#### WHAT TO WORK ON
Only the pictures should be left out; write out all other data exactly.

#### COLLECTED DATA
══════════
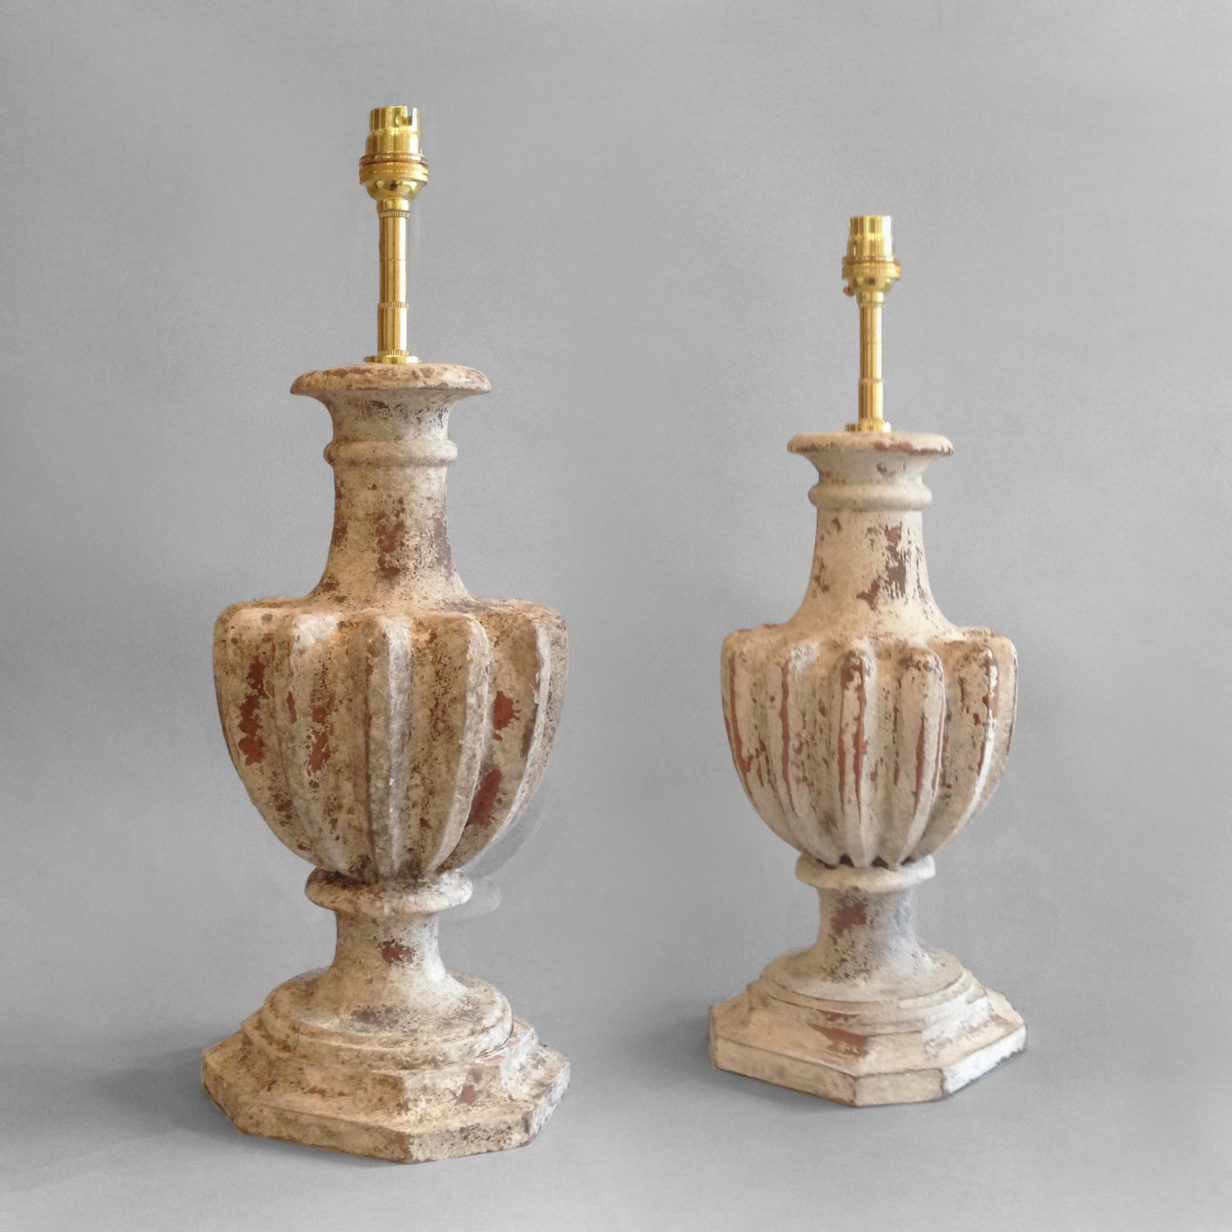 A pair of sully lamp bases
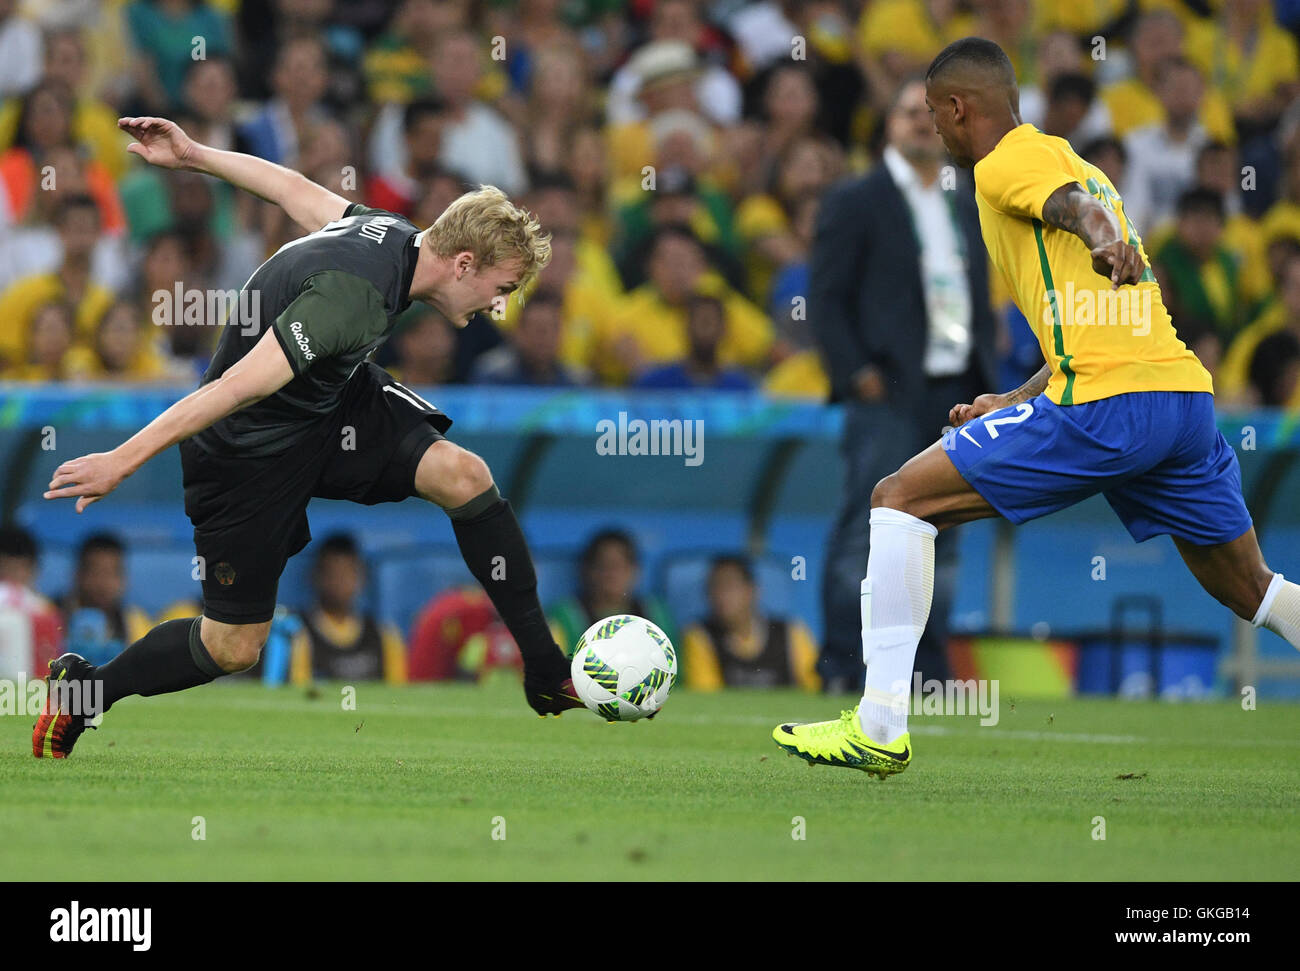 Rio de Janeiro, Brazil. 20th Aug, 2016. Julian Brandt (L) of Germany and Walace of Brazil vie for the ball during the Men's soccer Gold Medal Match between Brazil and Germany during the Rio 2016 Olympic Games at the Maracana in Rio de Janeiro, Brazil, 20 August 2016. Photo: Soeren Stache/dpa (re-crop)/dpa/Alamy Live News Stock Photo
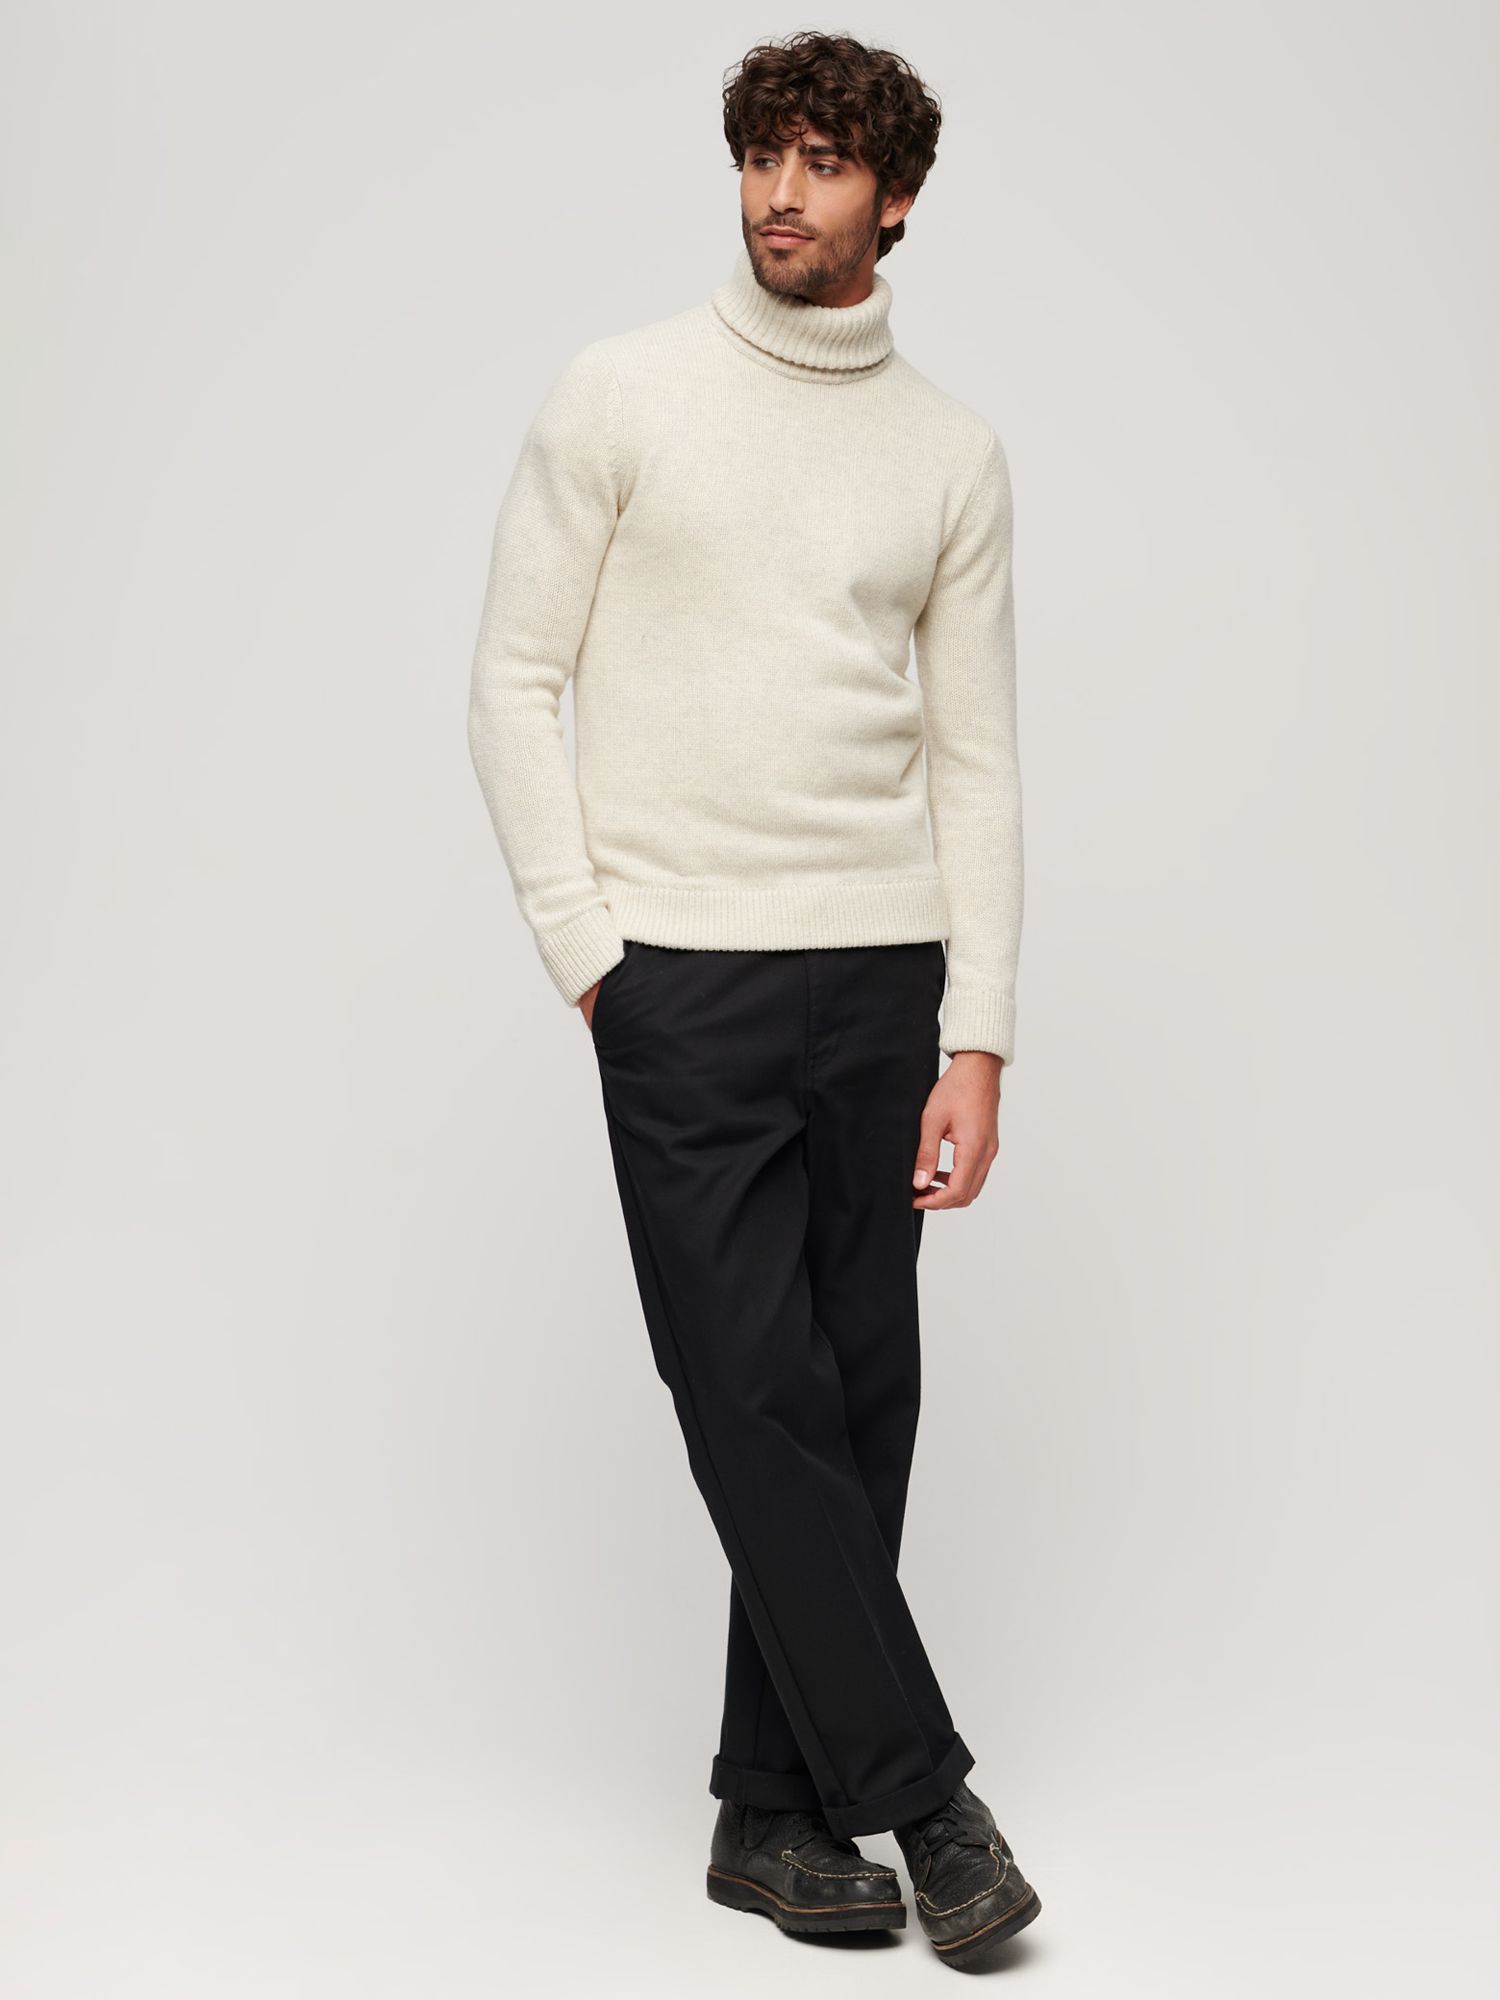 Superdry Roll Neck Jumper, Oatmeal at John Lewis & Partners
══════════
#### ANSWER SPACE
 A pair of sully lamp bases
 Rio de Janeiro, Brazil. 20th Aug, 2016. Julian Brandt (L) of Germany and Walace of Brazil vie for the ball during the Men's soccer Gold Medal Match between Brazil and Germany during the Rio 2016 Olympic Games at the Maracana in Rio de Janeiro, Brazil, 20 August 2016. Photo: Soeren Stache/dpa (re-crop)/dpa/Alamy Live News Stock Photo
 Superdry Roll Neck Jumper, Oatmeal at John Lewis & Partners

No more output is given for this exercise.